HTR-United / htr-united

Ground Truth Resources for the HTR of patrimonial documents
https://htr-united.github.io
Creative Commons Zero v1.0 Universal
37 stars 31 forks source link

Create dataset-for-late-medieval-castilian-text-recognition.yml #92

Closed matgille closed 1 year ago

matgille commented 1 year ago

I'm adding my phd dissertation corpus here (in-domain and out-of-domain)

= )

matgille commented 1 year ago

This dataset contains the incunabula dataset I've already published here some time ago. I'm removing it.

matgille commented 1 year ago

I'm waiting for the acceptation and the final version of the paper to publish the data on htr united.

PonteIneptique commented 1 year ago

:'(

matgille commented 1 year ago

The v1 has been corrected, the v2 is being reviewed, and the paper will be published soon (hopefully). Let's add the corpus to the catalog if the metadata is OK = )

PonteIneptique commented 1 year ago

ISO goth language is meant for something else than Latin gothic script, see https://scriptsource.org/cms/scripts/page.php?item_id=script_detail&key=Goth

The word “Gothic” is used in the context of writing systems to describe three very different, unrelated, styles of writing:

  • the Gothic alphabet: historically written in an uncial style, and invented for the Gothic language;
  • the Visigothic script: a minuscule script of the Latin alphabet, used in Iberia to write Latin text when Iberia was ruled by the Visigoths;
  • “gothic” scripts: a popular name for many blackletter scripts of the Latin alphabet (including Fraktur); these have been used for writing many languages.

This page refers only to the first sense - the Gothic alphabet, now extinct. This script is thought to have been invented around 350AD by the bishop Ulfilas for the purpose of translating the Bible into the Gothic language. The runic script which had previously been used for writing this language had strong associations with Germanic paganism, so was not deemed appropriate for this purpose. The Gothic language continued to be spoken until the 17th century, but there is no record of the script being used beyond the 6th century.

PonteIneptique commented 1 year ago

@alix-tz We need to decide on this one what to do. This is the first deletion of a previous dataset. I am a bit skeptical about removing a previously registered dataset personally, but I'd like to have your opinion.

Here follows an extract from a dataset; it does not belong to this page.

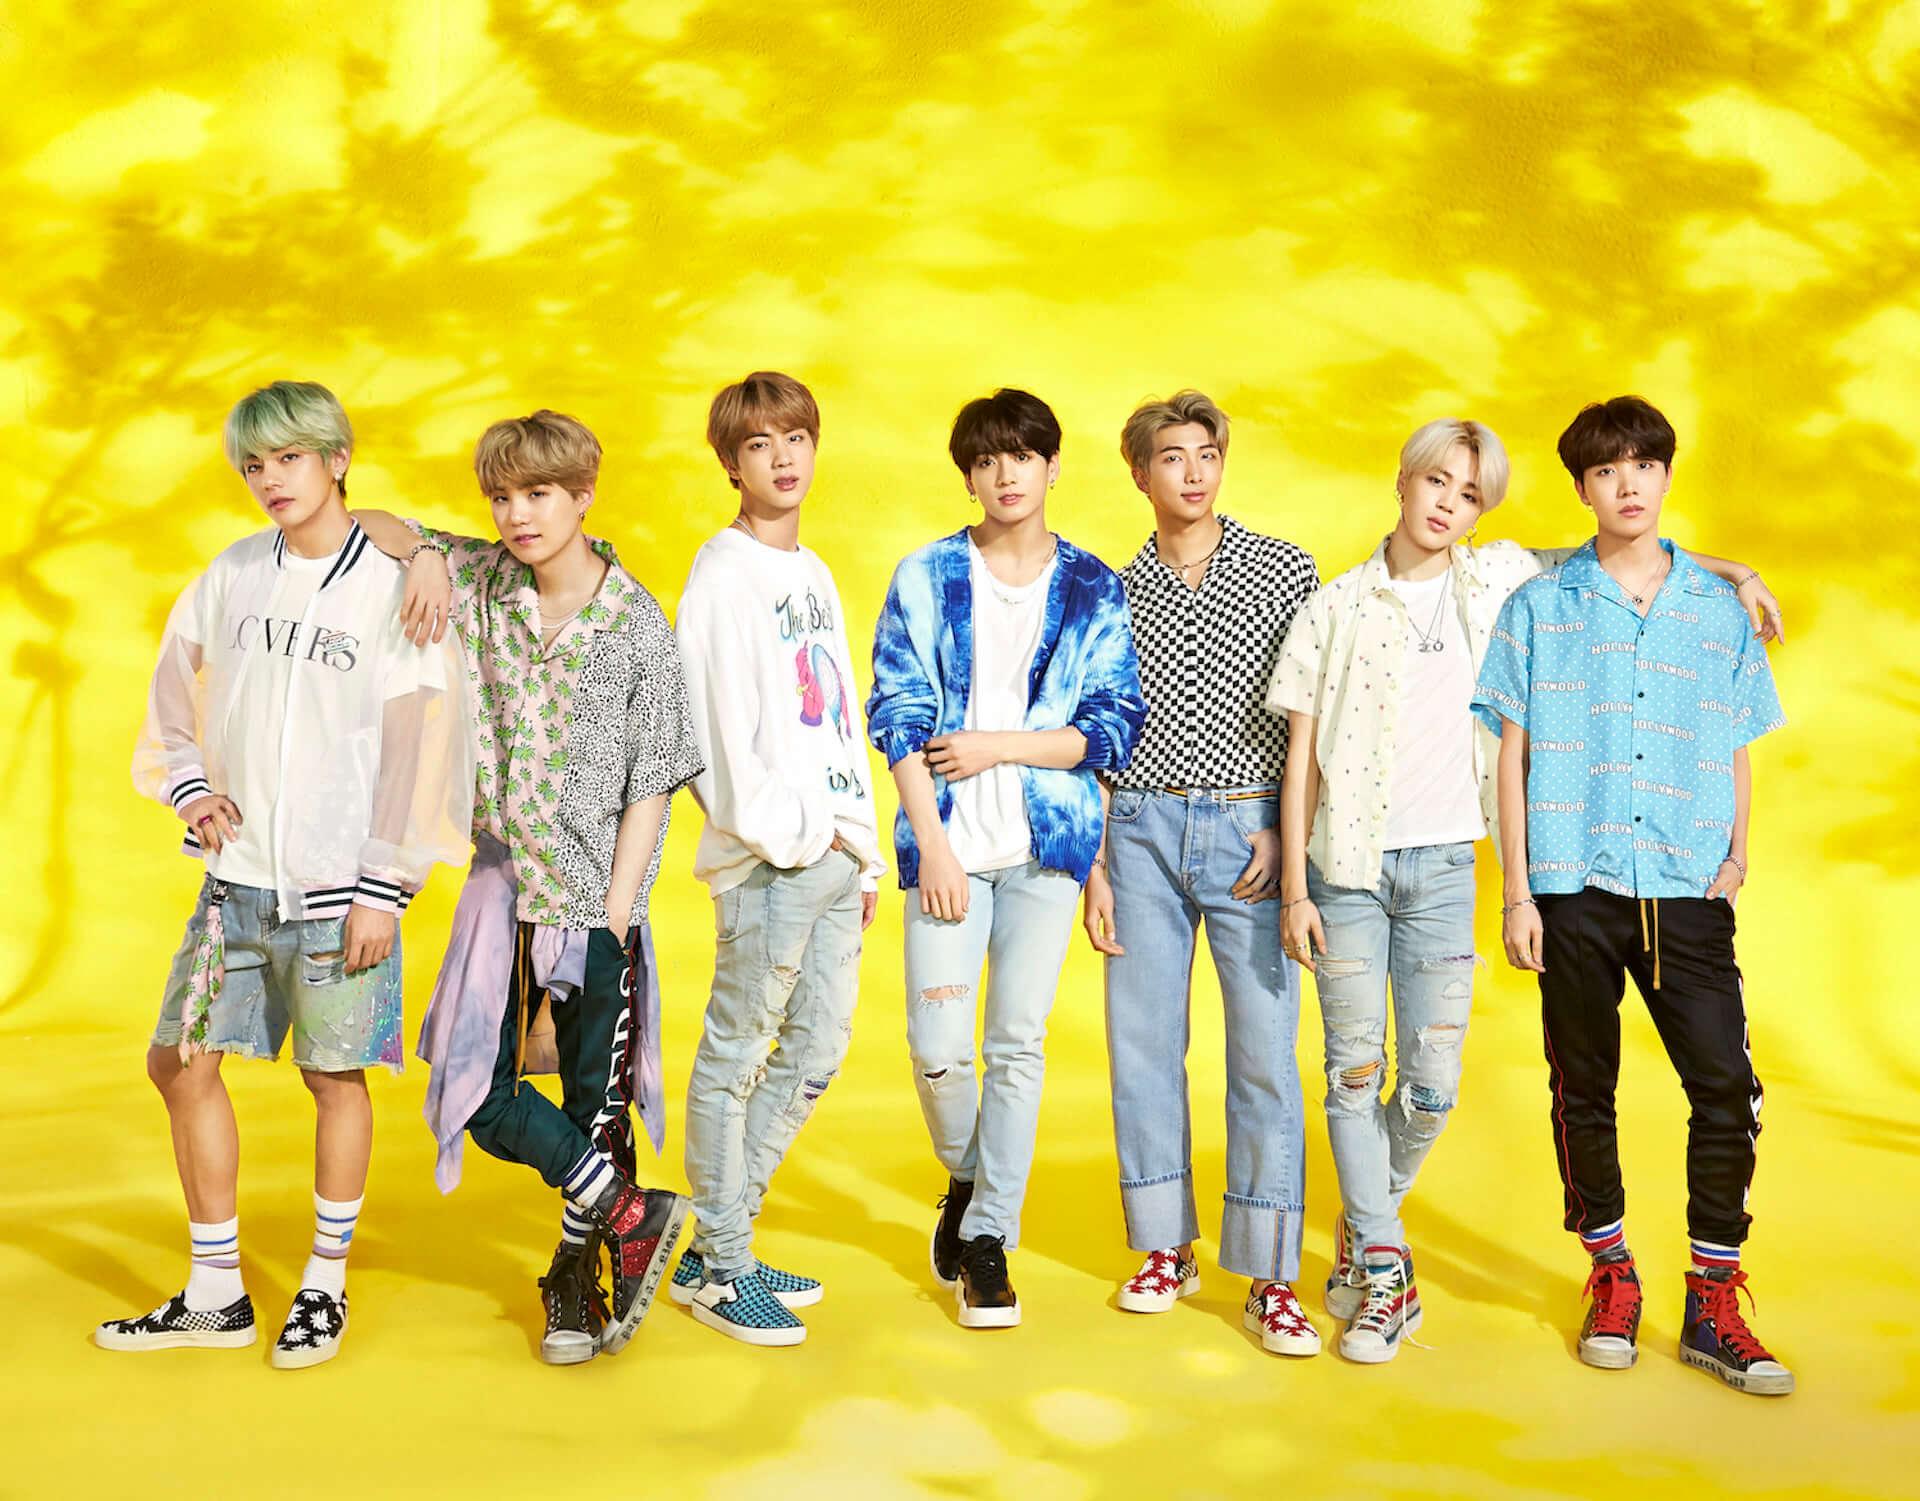 BTSの新曲「Lights」MVティザー映像公開 全編は7月3日に解禁予定 music190620bts-lights-mv_main-1920x1501

alix-tz commented 1 year ago

@alix-tz We need to decide on this one what to do. This is the first deletion of a previous dataset. I am a bit skeptical about removing a previously registered dataset personally, but I'd like to have your opinion.

In deed, it opens a pandora box, but at the same time, I understand that some situations may justify it (like similar to retracting a publication).

@matgille I'm not sure I understand why you removed the previous dataset. Was it because the dataset is contained in the newer dataset? Can you explain?

matgille commented 1 year ago

Was it because the dataset is contained in the newer dataset? Can you explain?

Yes, that's it...

What I could do is modify the metadata of the older dataset, remove the information about print in the newer and make both point to the same repo ? The problem would be the description wouldn't be exact. Idk.

PonteIneptique commented 1 year ago

Nope, I think we need a better way to deal with this. We'll talk about with Alix off GitHub because this is a larger problem.

On Tue, 25 Apr 2023, 4:44 pm Matthias Gille Levenson, < @.***> wrote:

Was it because the dataset is contained in the newer dataset? Can you explain?

Yes, that's it...

What I could do is modify the metadata of the print dataset, remove any print information in the second dataset and make both point to the same repo ?

— Reply to this email directly, view it on GitHub https://github.com/HTR-United/htr-united/pull/92#issuecomment-1521915223, or unsubscribe https://github.com/notifications/unsubscribe-auth/AAOXEZW4QMAHWAEGP3RAZBDXC7PLJANCNFSM6AAAAAASULEN3E . You are receiving this because you were assigned.Message ID: @.***>

PonteIneptique commented 1 year ago

The catalog being versioned, we are gonna include this change. We'll have to show the version of the catalog so that it is really used...